UK’s flagship environment law not yet able to have impact on deforestation, says NGO study

Published 12:47 on November 7, 2023  /  Last updated at 12:47 on November 7, 2023  / Tom Woolnough /  Biodiversity, Climate Talks, EMEA, International, Nature-based

The UK’s two-year-old “world-leading” environmental legislation has not affected deforestation rates due to a lack of follow-up action by the government, according to analysis conducted by NGOs and published on Tuesday. 

The UK’s two-year-old “world-leading” environmental legislation has not affected deforestation rates due to a lack of follow-up action by the government, according to analysis conducted by NGOs and published on Tuesday.

UK imports have been responsible for deforesting a 20,400-hectare area, which is twice the size of Paris, since the Environment Act was passed, according to the report by campaign organisation Global Witness, backed with data from supply chain mapping service Trase.

“For two years, the government has been dithering about which deforestation-causing commodities to include in these regulations. In this time, tropical forests have continued to be destroyed to grow crops and graze cattle,” said Veronica Oakeshott, head of the forest campaign at Global Witness in a statement.

The Environment Act 2021 aims to stop large UK companies from using commodities with a heavy negative impact on deforestation such as beef, soy, and palm oil.

However, the implementation of the rules on deforestation has so far stalled due to the Department for Environment, Food and Rural Affairs not yet publishing an official list of the targeted commodities.

Deforestation exposure of UK direct imports between November 2021 and July 2023, for seven high-risk commodities

Deforestation exposure of UK direct imports between November 2021 and July 2023, for seven high-risk commodities (Source: Global Witness/Trase)

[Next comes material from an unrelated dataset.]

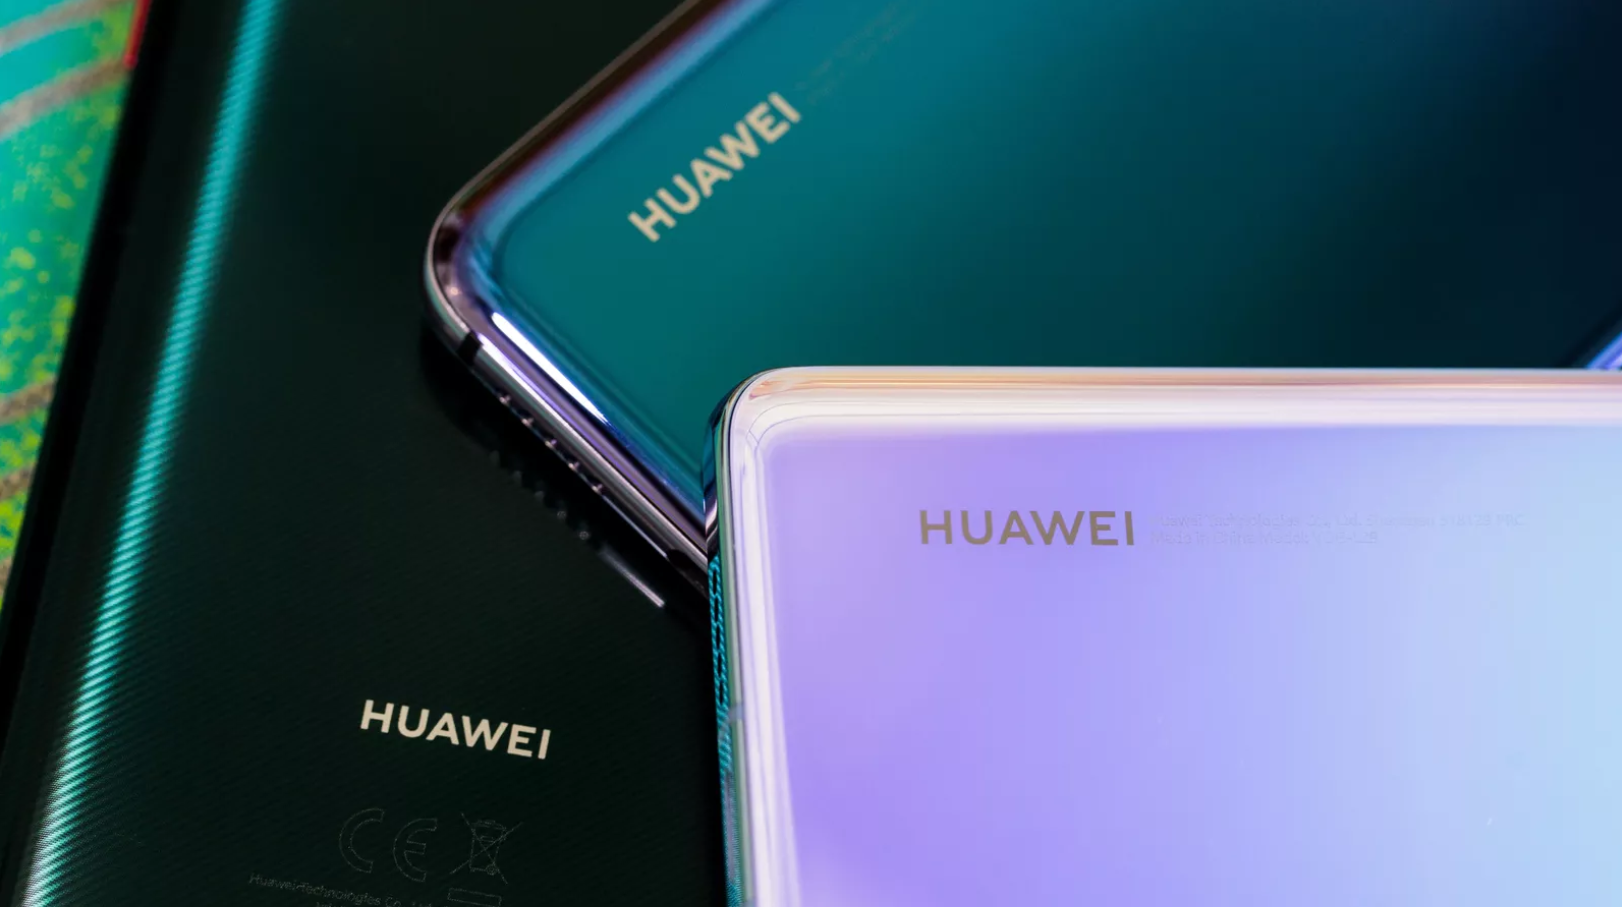 Los teléfonos Huawei se envían con la aplicación Google, pero hay capturas

Data from the study shows that oil palm is the most pressing concern, representing 43% of the UK’s total exposure, with Indonesia as the main supplier country for the commodity. Soy and cattle products account for 31% of total exposure, most of which originates from Brazil.

Some countries are only exposed through one market such as Colombia for coffee and Ivory Coast for cocoa, the data shows.

In October, business leaders called for the UK government to match the EU’s deforestation regulation, which came into force in July and is due to apply 18 months later. The EU law requires importers to prove their products have not caused deforestation and initially applies to palm oil, cattle, soy, coffee, cocoa, timber and rubber, alongside derived products such as beef, furniture, and chocolate.

The signatory companies to the UK letter include Nestle, Unilever and major supermarkets who highlighted a direct impact on trade through Northern Ireland, where goods could be affected, but also that a lack of secondary legislation could limit exports to the EU from the UK.

“The government must listen to UK retailers and fully align with the EU’s deforestation regulation, which covers all forest-risk commodities. It is outrageous that Defra is failing to press the green light on simple regulations needed to stop the UK importation of forest destruction,” Oakeshott said.

Much of the UK’s deforestation-causing agricultural and forestry commodities are imported through EU member states, according to the Trase data, where it is often refined or processed. Without alignment between the UK and EU deforestation regulation, commodities may be split between parallel yet distinct regulatory approaches that undermine the overall Europe-wide efforts to halt deforestation.

“We passed the Environment Act with much fanfare… it was a genuinely landmark law to cut illegal deforestation caused by commodity production from our supply chains,” said Zac Goldsmith, a UK environment minister over 2022-23 in a statement. H

“But there has been virtually no progress since the law passed and not a single tropical tree has yet been saved. The government needs to stop with the delays and u-turns and get on with it.”

Other flagship aspects of the Environment Act have also seen delays, such as legal requirements for land developers to achieve a 10% net increase in biodiversity for their sites being pushed back into 2024.

Reducing deforestation in the tropics remains one of the most pervasive challenges that affects biodiversity globally.

Earlier this month, The Forest Declaration Assessment unveiled that global deforestation commitments, made at the UK-hosted 2021 COP26 UN climate talks in Glasgow, are significantly off track to halt deforestation by 2030.